★★★★☆
内容
どのように聖書と接してきたのか、 作家や批評家、聖書学者などが語る。
感想
それぞれが語る内容がどれも興味深く面白かった。聖書をただの宗教書としてだけ見るのはもったいない。世界最大のベストセラーであり、2千年近く読み継がれているのは単なる宗教書だからではなく、その内容に人を惹きつけるものがあるからだ。
田川 旧約聖書の時代には、神の像を刻んで拝んではならない、と言っていた。このことを拡張して考えると、単に彫刻をつくることだけじゃなくて、自分の頭の中に神の像をつくり、神という理念をつくり、その神によってすべてを説明する、というようなことになってはならない、ということじゃないでしょうか。

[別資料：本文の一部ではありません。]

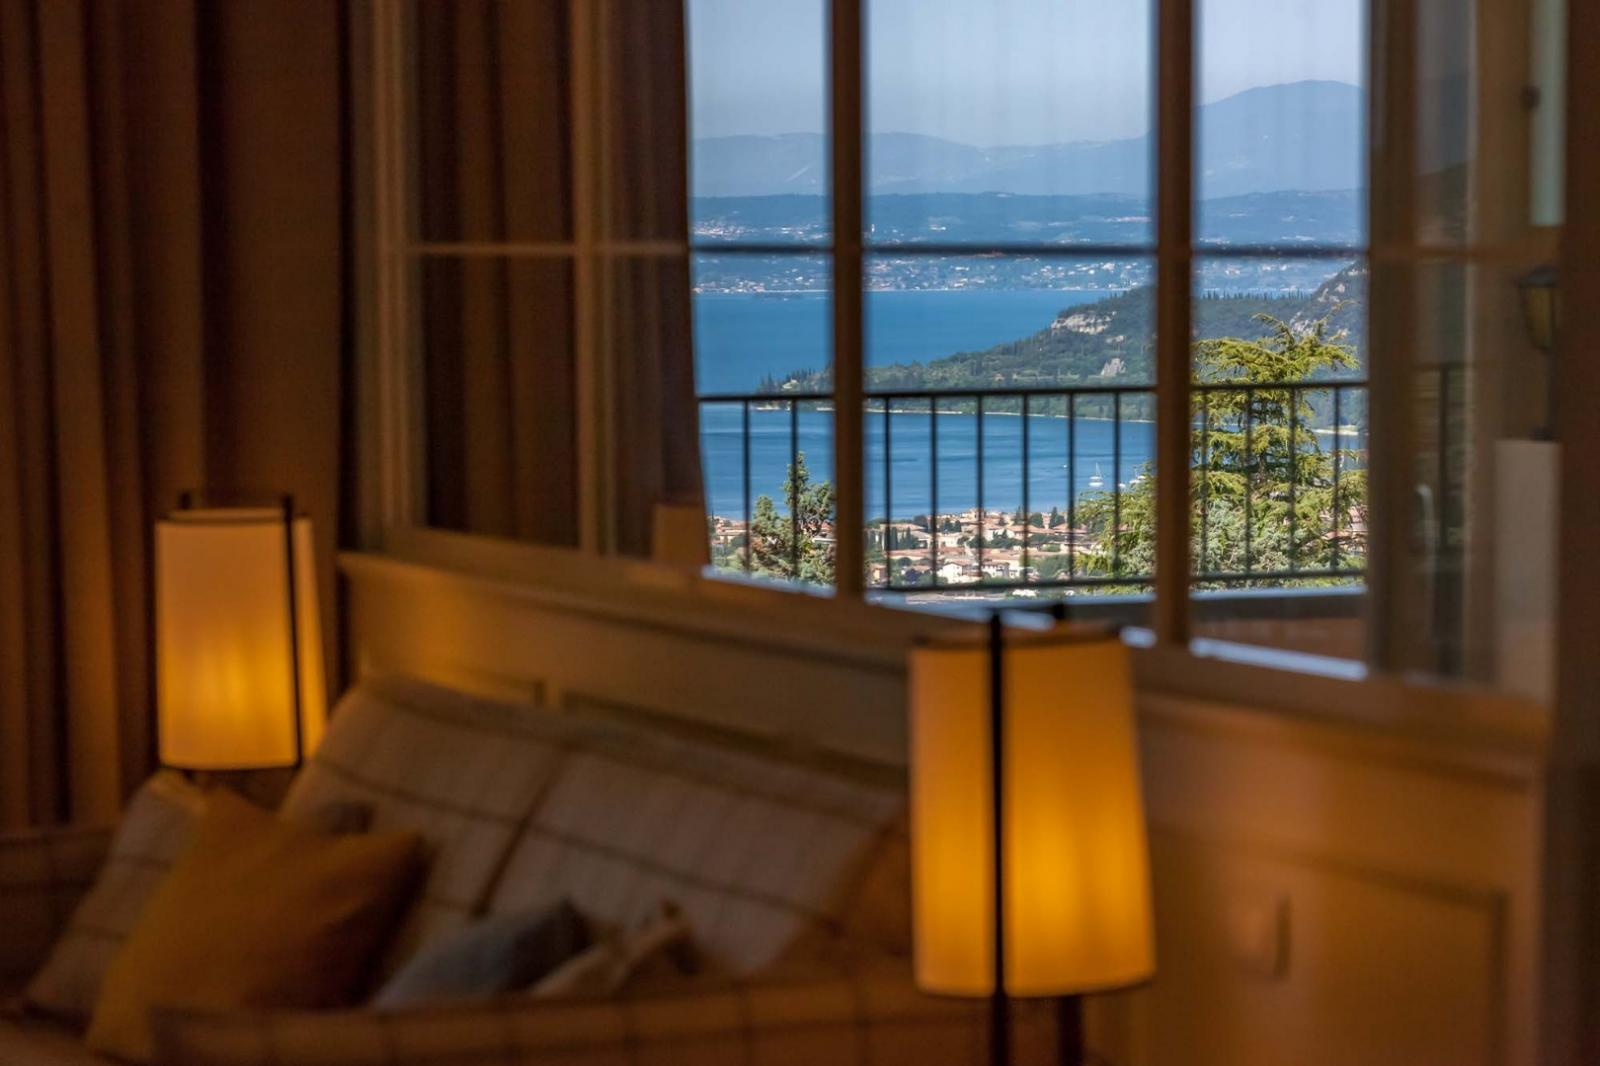 Qi Chi: Foto vom Wellnesshotel Boffenigo Panorama & Experience Hotel | Wellness Venetien

p110 「Ⅴ 神を信じないクリスチャン」 田川健三
なかでも印象的だったのは5章の新約聖書学者、田川健三のインタビュー。神を信じるのであれば、神を想像する事すら間違っている、というのはすごい。それ以外にも、神は自らがいちいち手を差し伸べなくてもいいように人間をつくったはずだから、神様なしで上手くやれてこそ、神の存在を証明することになる、とか、すごい解釈だ。
つまり神を求めてばかりいるようでは、本当の信者ではないということか。もはや神様は必要なのか?というレベルだが、こんなことを言い出す信者は教会は扱いづらいだろうなと同情してしまう。彼らにしてみれば、無邪気に神様を求めてくれた方がやりやすいだろう。
それから、橋本治や池澤夏樹は聖書をちゃんと読んでないと断りながらも、それでも面白い話を展開していてさすがだ。ただし彼らのような人の言う「ちゃんと読んでいない」は、「じっくり読み込んでいない」だけで、「ほぼ読んでいる」ということだから気を付けないといけない。
SNSなどでは彼らのような人の謙遜を真に受けて、レベル2ぐらいの人がマウントを取りにいく地獄が割とよく見られて、インターネッツはすごいなと思ってしまうのだが、知識が増えるほど人は謙虚になっていく現象は覚えておいた方がいいだろう。あの人ですら詳しくないと言っているのだから、自分も知らなくてもいいかなと判断してしまうのは軽率かもしれない。逆にやたら断定調で話す人のうさん臭さにも気づくかもしれない。
様々な人の話を読んでいて、自分が聖書に関心があるのは、池澤夏樹のように小説や映画で使われている聖書のモチーフを理解したいからなんだよなと再確認した。ご存じないんですか?映画のあのシーンは聖書のあの部分を引用しているんですよ、とか言いたい。ちゃんと相手のレベルを確認した上で。
著者
山形孝夫/池澤夏樹/秋吉輝雄/内田樹/田川健三/山我哲雄/橋本治/吉本隆明/山本貴光
登場する作品
「カール・ギュツラフ略伝と日本語聖書」 秋山憲兄
ジーザス・クライスト=スーパースター (2000) (字幕版)
「バッハ:目覚めよと呼ぶ声あり(目覚めよ、とわれらに呼ばわる物見らの声)」
「燃える棘」 石川淳
古代文化の光―ユダヤ教とクリスト教の考古学的背景 (1961年)
「忍法破倭兵状 忍法帖 (角川文庫)」所収 「忍法天草灘」
「女大学」
中世思想原典集成 精選1 ギリシア教父・ビザンティン思想 (平凡社ライブラリー0874)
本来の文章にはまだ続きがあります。